WHAT THIS TASK INVOLVES:
Reproduce the following data exactly, minus any images.

INPUT DATA:
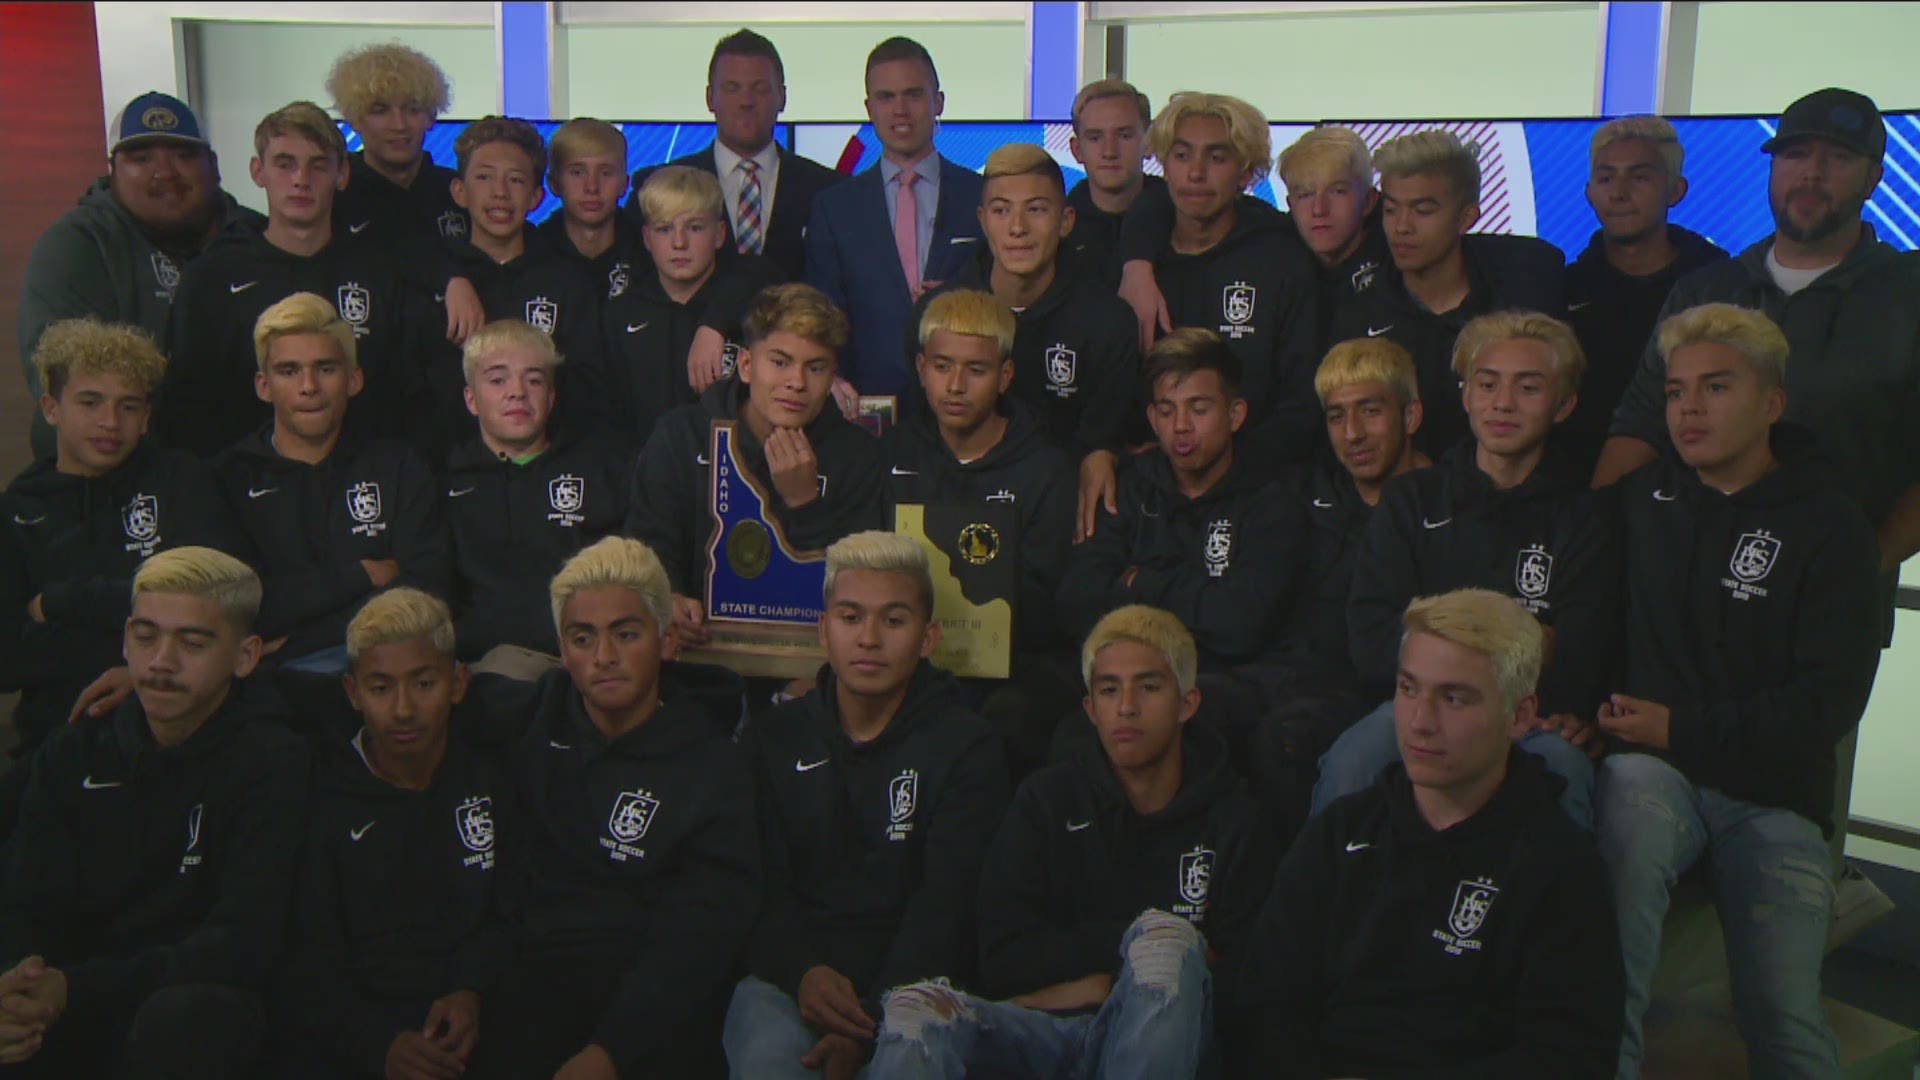 The Caldwell High School boys varsity soccer team joined Jay Tust & Will Hall on set after winning their second-consecutive 4A state title.
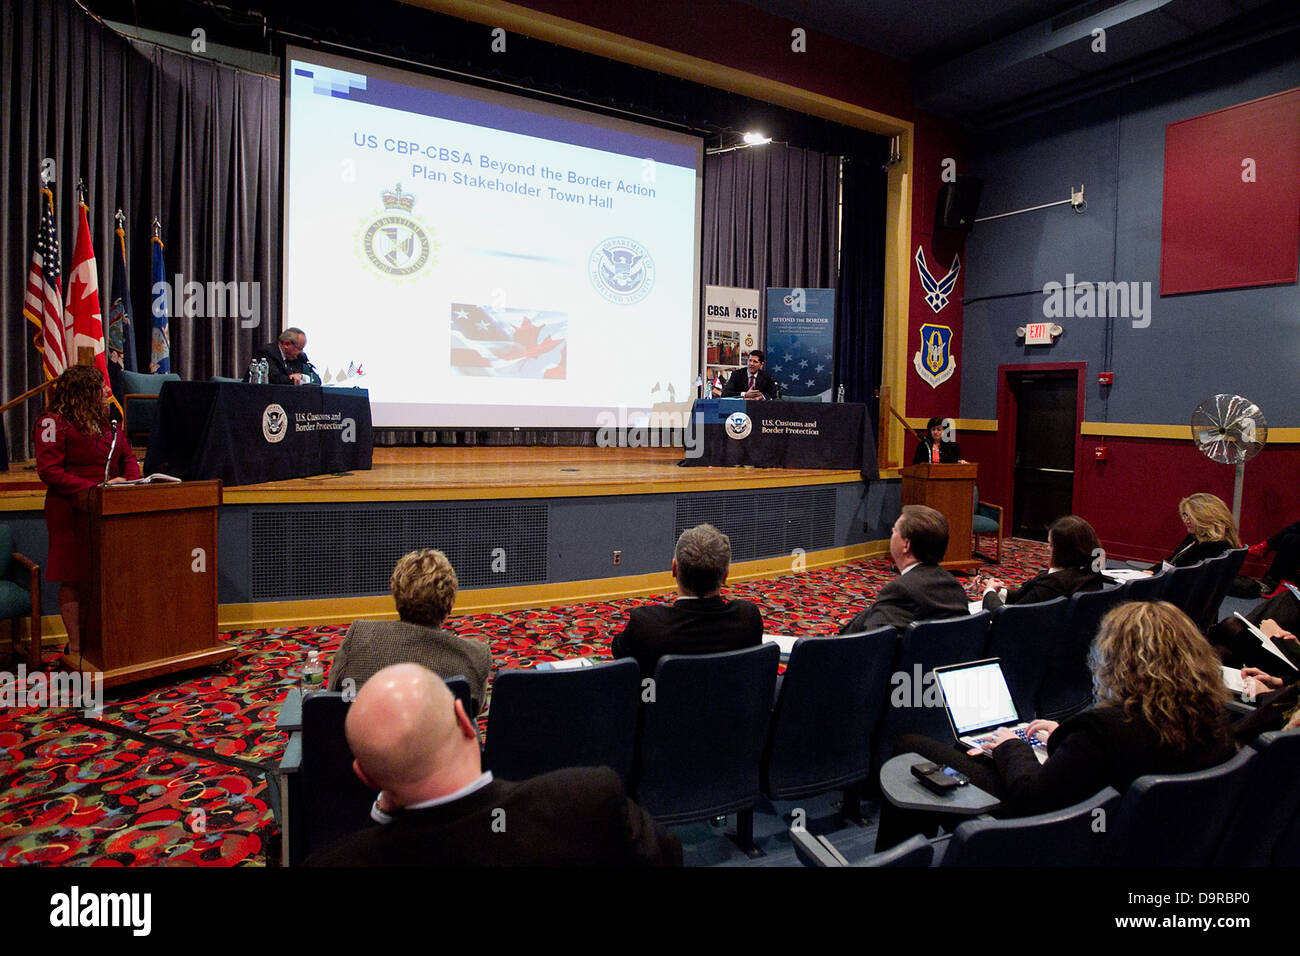 001 CBP, Canada Border Services Co-Host 'Beyond the Border' Stakeholder Meetings. Stock Photo
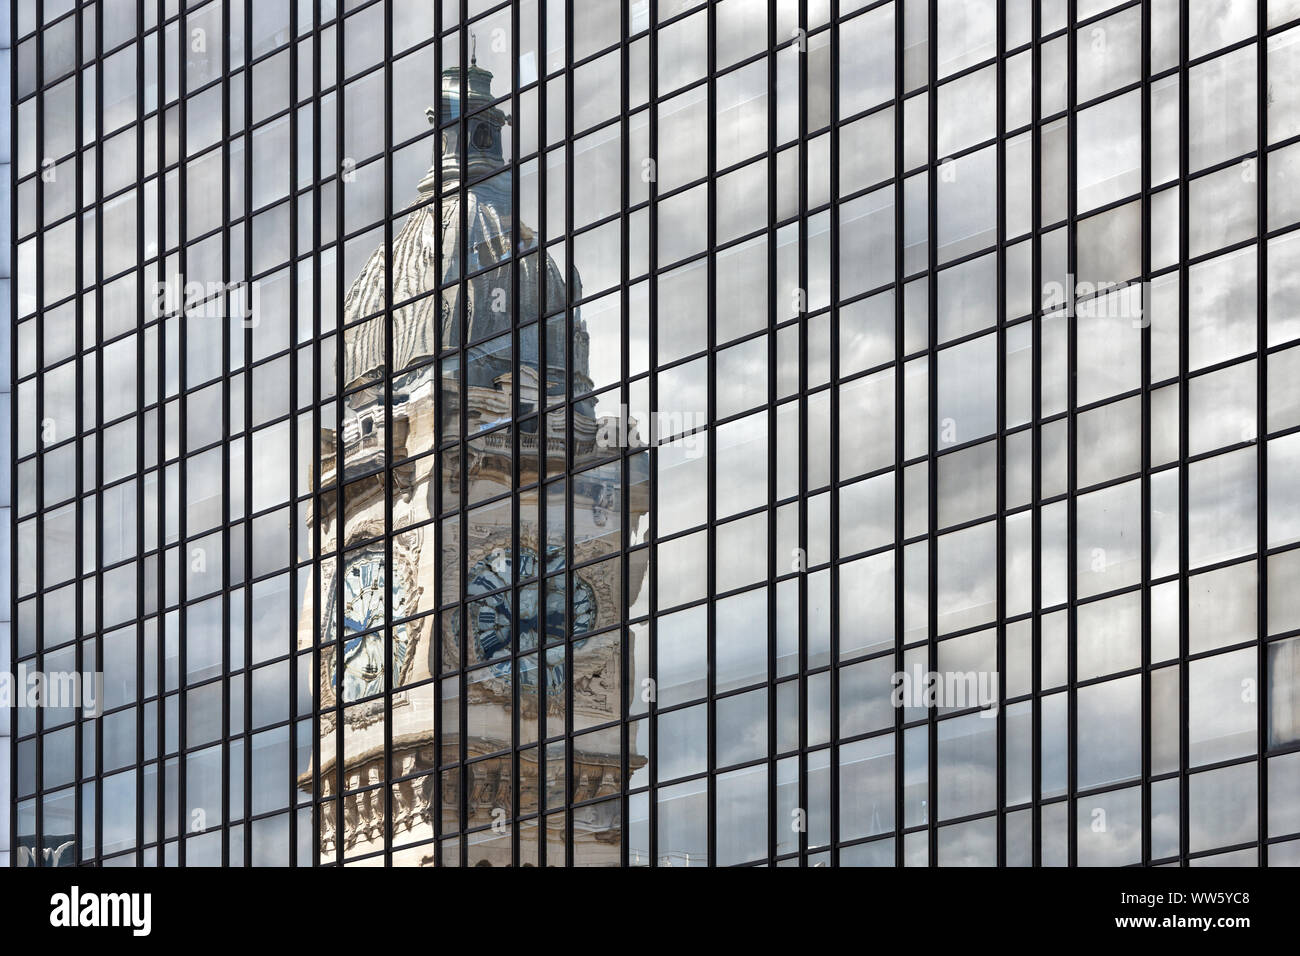 France, Paris, 9:39, clock tower, clock, from around 1900, reflection in glass front Stock Photo

EXPECTED ANSWER:
 The Caldwell High School boys varsity soccer team joined Jay Tust & Will Hall on set after winning their second-consecutive 4A state title.
 001 CBP, Canada Border Services Co-Host 'Beyond the Border' Stakeholder Meetings. Stock Photo
 France, Paris, 9:39, clock tower, clock, from around 1900, reflection in glass front Stock Photo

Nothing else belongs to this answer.